In addition, we will make use of [Flash Attention 2](), as it saves
a lot of memory and speeds up large matmul operations.

In [None]:
!pip install --quiet flash-attn --no-build-isolation



To begin with, let's load the dataset that we will use for benchmarking. We'll load a small dataset consisting of 73 samples from the [LibriSpeech ASR](https://huggingface.co/datasets/librispeech_asr) validation-clean dataset. This amounts to ~9MB of data, so it's very lightweight and quick to download on device:

In [None]:
from datasets import load_dataset

dataset = load_dataset("hf-internal-testing/librispeech_asr_dummy", "clean", split="validation")

We start by benchmarking [Whisper large-v2](https://huggingface.co/openai/whisper-large-v2) to get our baseline number.
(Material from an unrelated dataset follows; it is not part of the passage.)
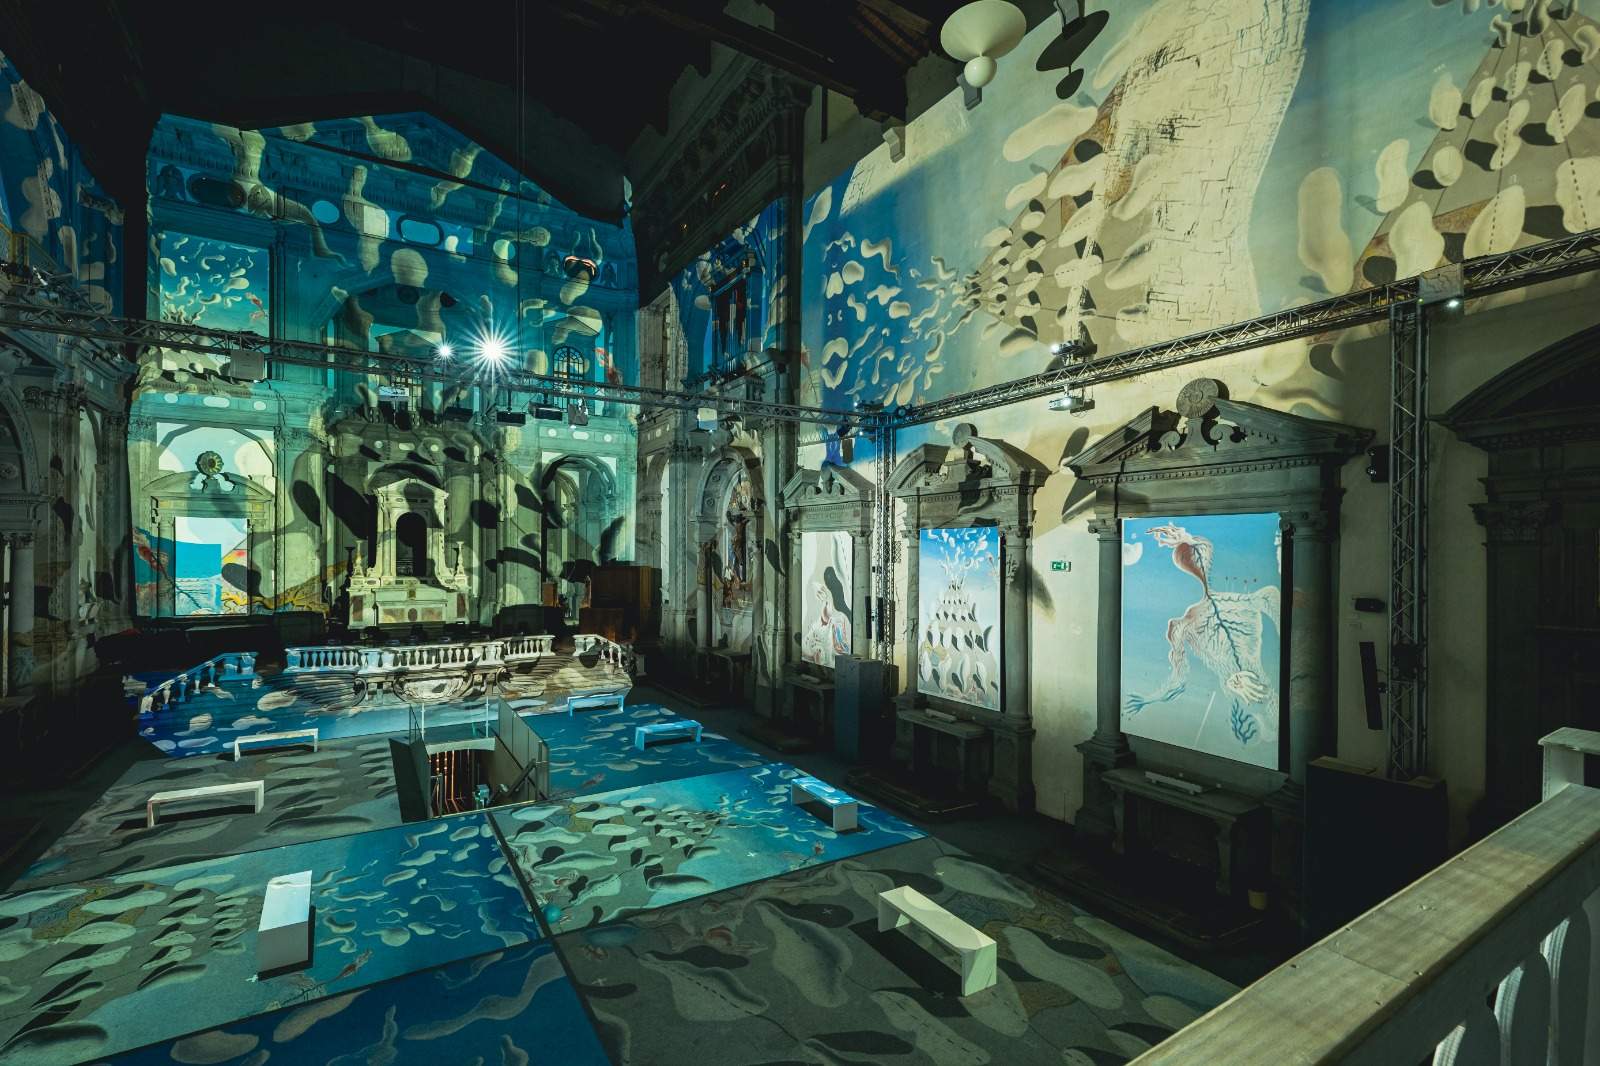 Inside Dalí: orari prolungati e un evento speciale per lo spettacolo immersivo dedicato al maestro surrealista

We'll load the model in `float16` precision and make sure that loading time takes as little time as possible by passing `low_cpu_mem_usage=True`. In addition, we want to make sure that the model is loaded in [`safetensors`](https://github.com/huggingface/safetensors) format by passing `use_safetensors=True`:

In [None]:
from transformers import AutoModelForSpeechSeq2Seq, AutoProcessor
import torch

device = "cuda:0" if torch.cuda.is_available() else "cpu"
torch_dtype = torch.float16 if torch.cuda.is_available() else torch.float32

model_id = "openai/whisper-large-v2"

model = AutoModelForSpeechSeq2Seq.from_pretrained(
    model_id, torch_dtype=torch_dtype, low_cpu_mem_usage=True, use_safetensors=True, use_flash_attention_2=True
)
model.to(device)

processor = AutoProcessor.from_pretrained(model_id)

You are attempting to use Flash Attention 2.0 with a model initialized on CPU. Make sure to move the model to GPU after initializing it on CPU with `model.to('cuda')`.
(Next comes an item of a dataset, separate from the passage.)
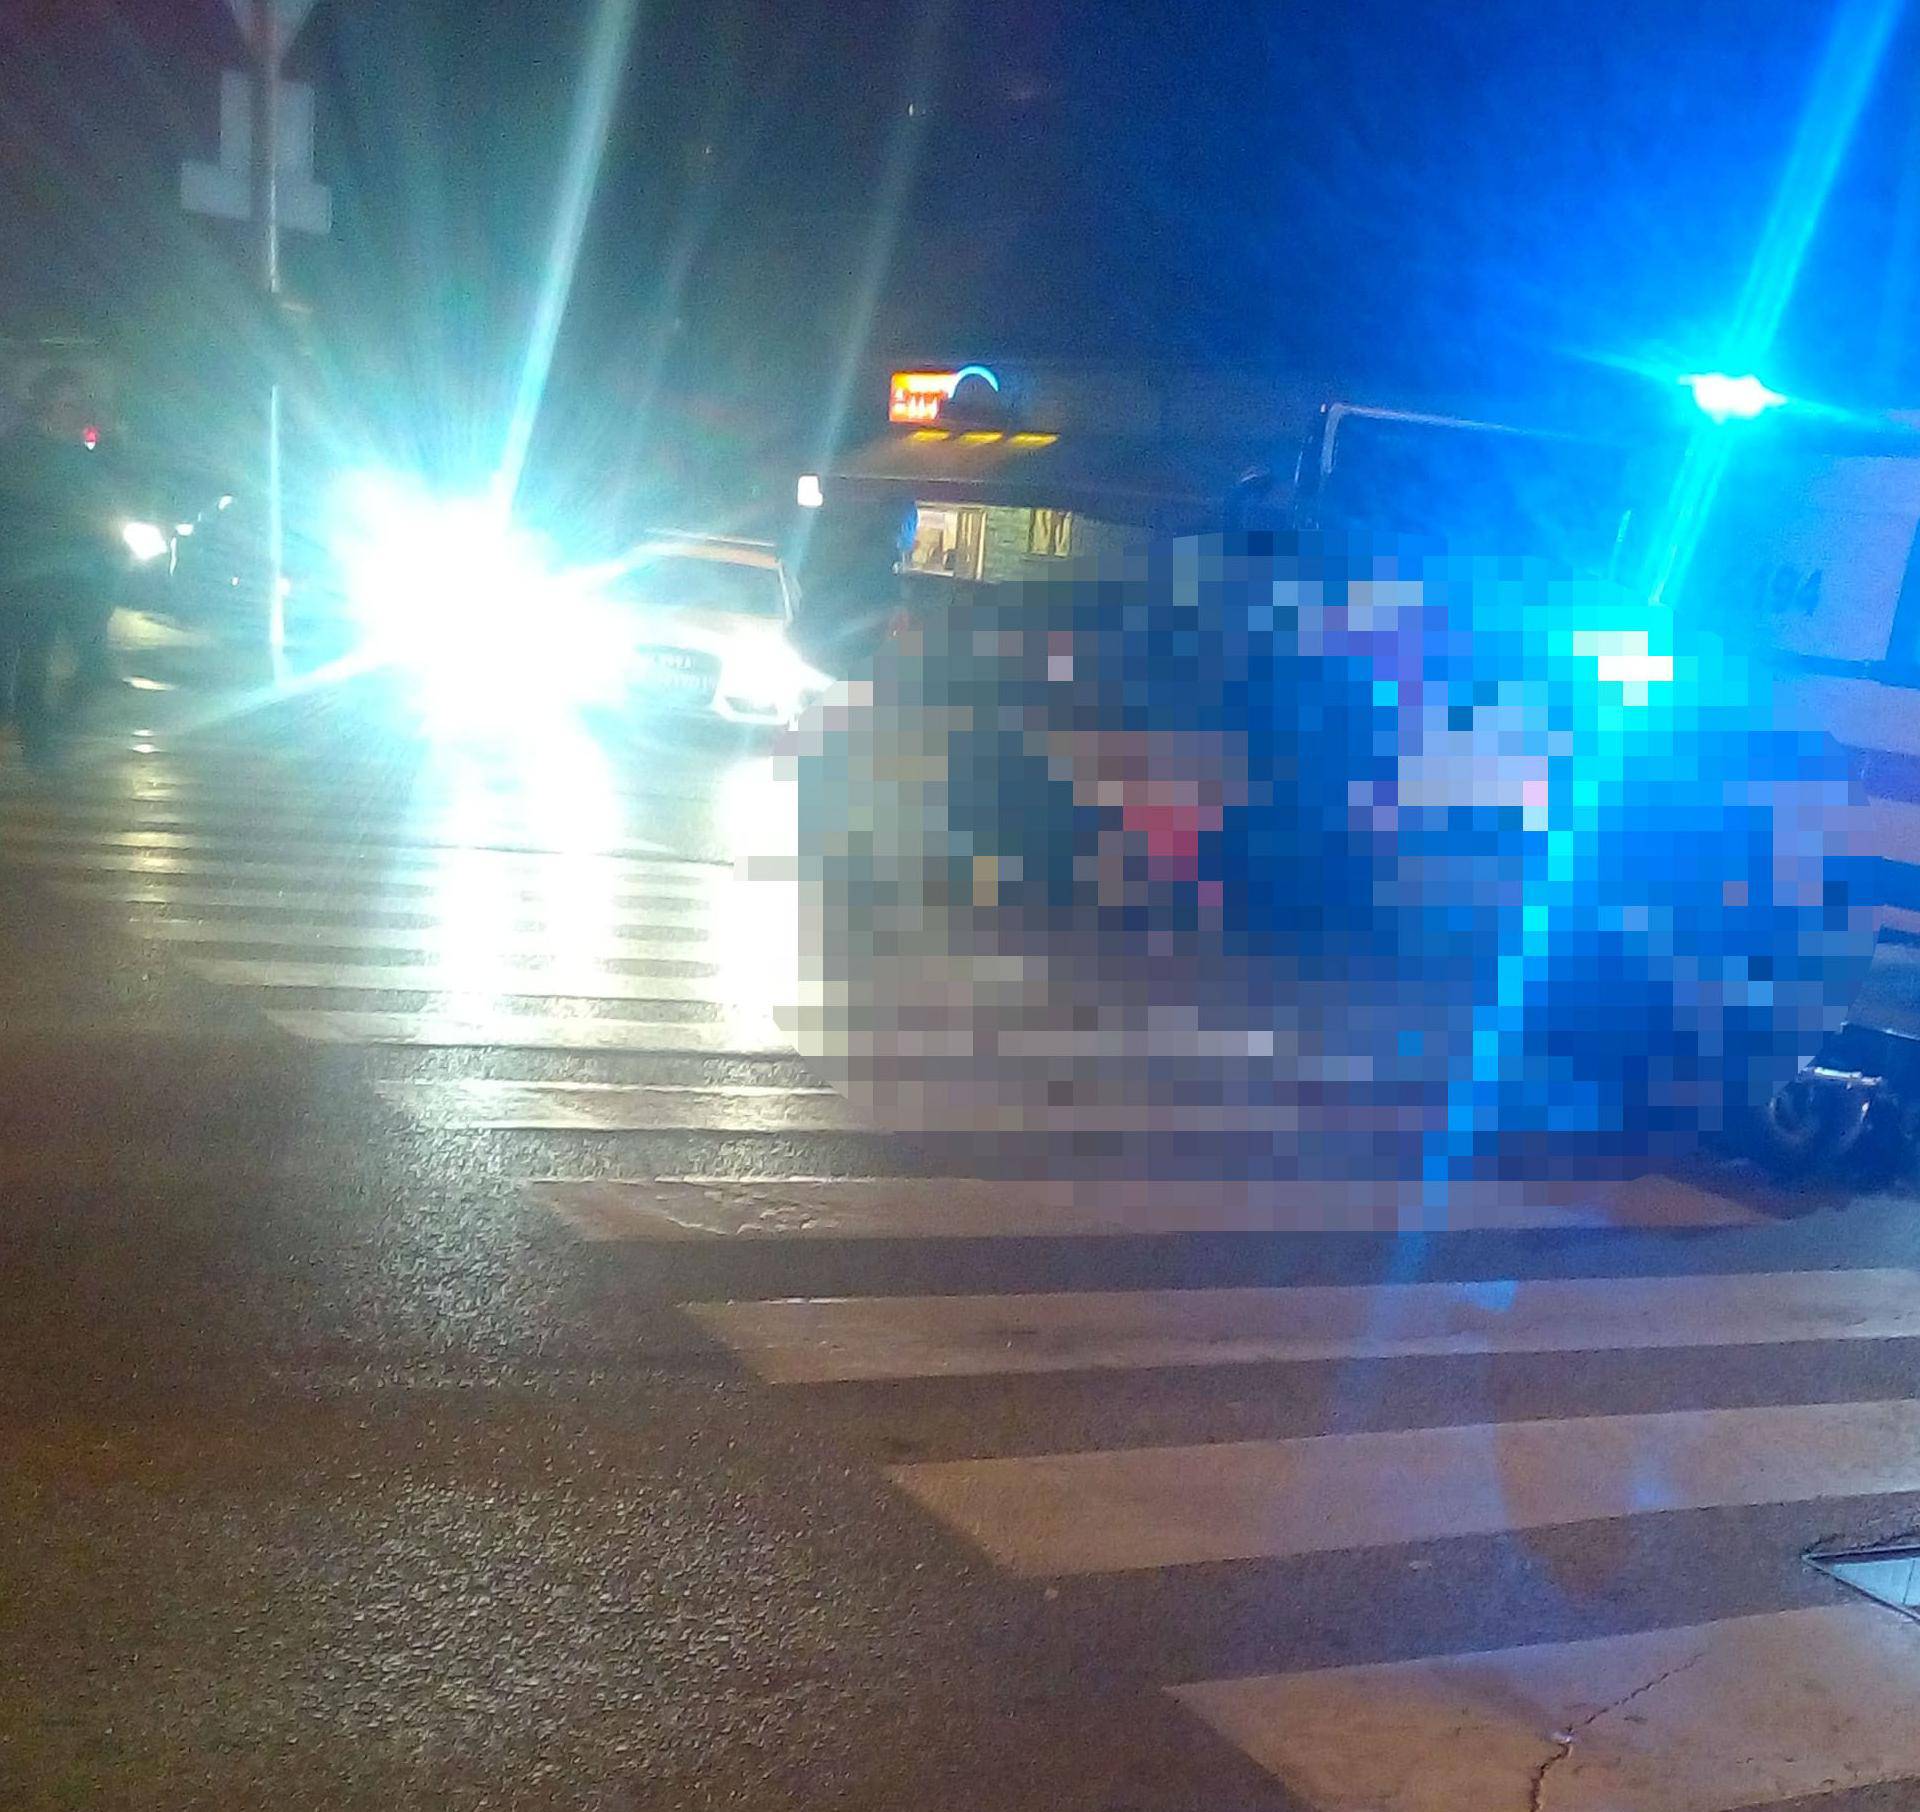 Sudarili se automobil i motor u Osijeku: Dvoje ljudi ozlijeđeno

Downloading (…)neration_config.json:   0%|          | 0.00/4.26k [00:00<?, ?B/s]

Downloading (…)rocessor_config.json:   0%|          | 0.00/185k [00:00<?, ?B/s]

Downloading (…)okenizer_config.json:   0%|          | 0.00/805 [00:00<?, ?B/s]

Downloading (…)olve/main/vocab.json:   0%|          | 0.00/1.04M [00:00<?, ?B/s]

Downloading (…)/main/tokenizer.json:   0%|          | 0.00/2.48M [00:00<?, ?B/s]

Downloading (…)olve/main/merges.txt:   0%|          | 0.00/494k [00:00<?, ?B/s]

Downloading (…)main/normalizer.json:   0%|          | 0.00/52.7k [00:00<?, ?B/s]

Downloading (…)in/added_tokens.json:   0%|          | 0.00/34.6k [00:00<?, ?B/s]

Downloading (…)cial_tokens_map.json:   0%|          | 0.00/2.08k [00:00<?, ?B/s]

Great! For the benchmark, we will only measure the generation time (encoder + decoder), so let's write a short helper function that measures this step:

In [None]:
import time

def generate_with_time(model, inputs):
    start_time = time.time()
    outputs = model.generate(**inputs)
    generation_time = time.time() - start_time
    return outputs, generation_time

This function will return both the decoded tokens as well as the time
it took to run the model.

We now iterate over the audio samples and sum up the generation time.

In [None]:
from tqdm import tqdm

all_time = 0

for sample in tqdm(dataset):
  audio = sample["audio"]
  inputs = processor(audio["array"], sampling_rate=audio["sampling_rate"], return_tensors="pt")
  inputs = inputs.to(device=device, dtype=torch.float16)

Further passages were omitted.